One thought on “Open Letter to VTDigger Co-Publisher, Anne Galloway: Banned by VTDigger

  1. I think the motive of Digger was simply to protect its credibility with the Air Force; which is understandable.

    You are a well recognized opponent of the F-35 program and I am sure they were concerned that leaving the Air Force with the impression that you were officially connected with Digger might suggest that Digger had a bias against the program.  

    They were perfectly within their rights to refuse further submissions from you, as it is always their prerogative to choose which submissions they reproduce.

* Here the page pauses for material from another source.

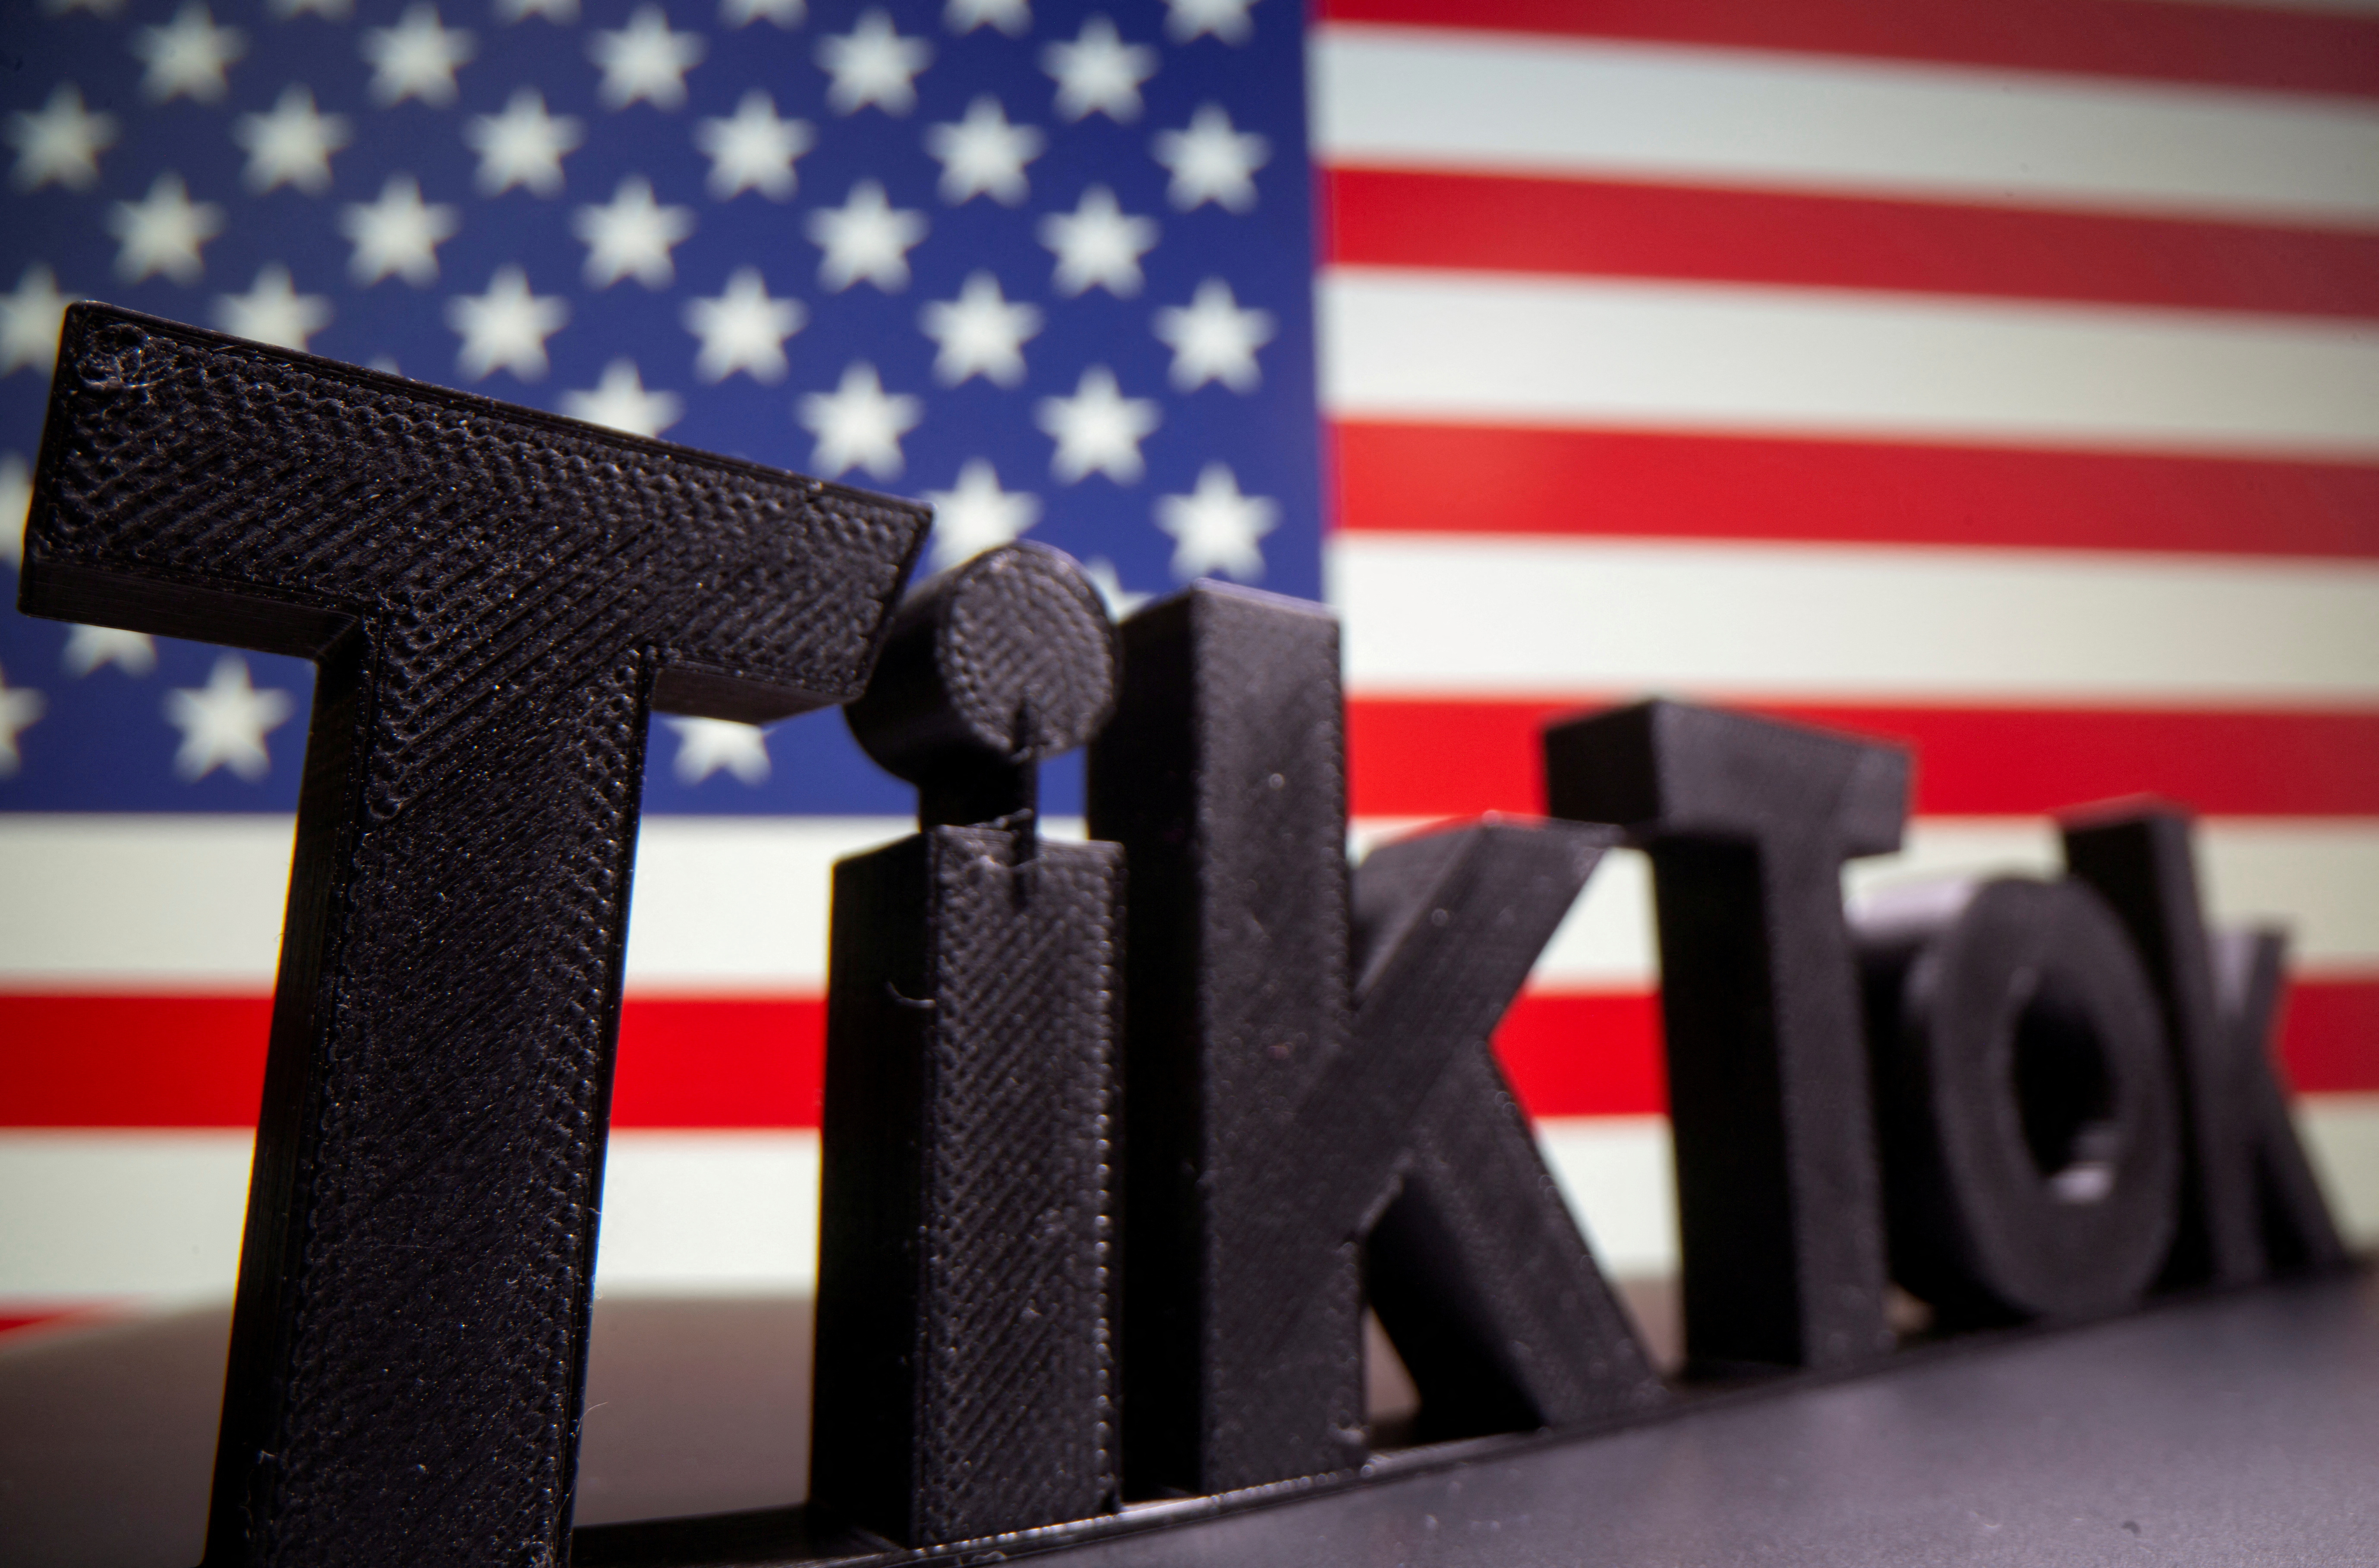 A 3D Printed Tik Tok Logo Is Seen In Front Of The American Flag In This Illustration

    I did not, however, think that the public rebuke from Digger was necessary.  The letter to the Air Force clarifying Digger’s position was all that was required to protect their reputation.

    Making the ban public in an editorial seemed to me pointlessly humiliating and something of an overreaction, given the circumstances.

    I think we’ve all heard issue advocates and even journalists recounting how they goosed their spoken credentials a bit in order to get information from a reluctant source.

    That is just my opinion, which is not shared by the majority at GMD.

    That being said, I think you are now the one who is guilty of overreaction.  I sincerely empathize with your desire to defend your own good name, but by going so deep into conspiracy waters, you are in danger of losing the credibility with which you began.

    And that might hurt the opposition effort against the F-35’s that got you involved in the first place.   It isn’t worth it.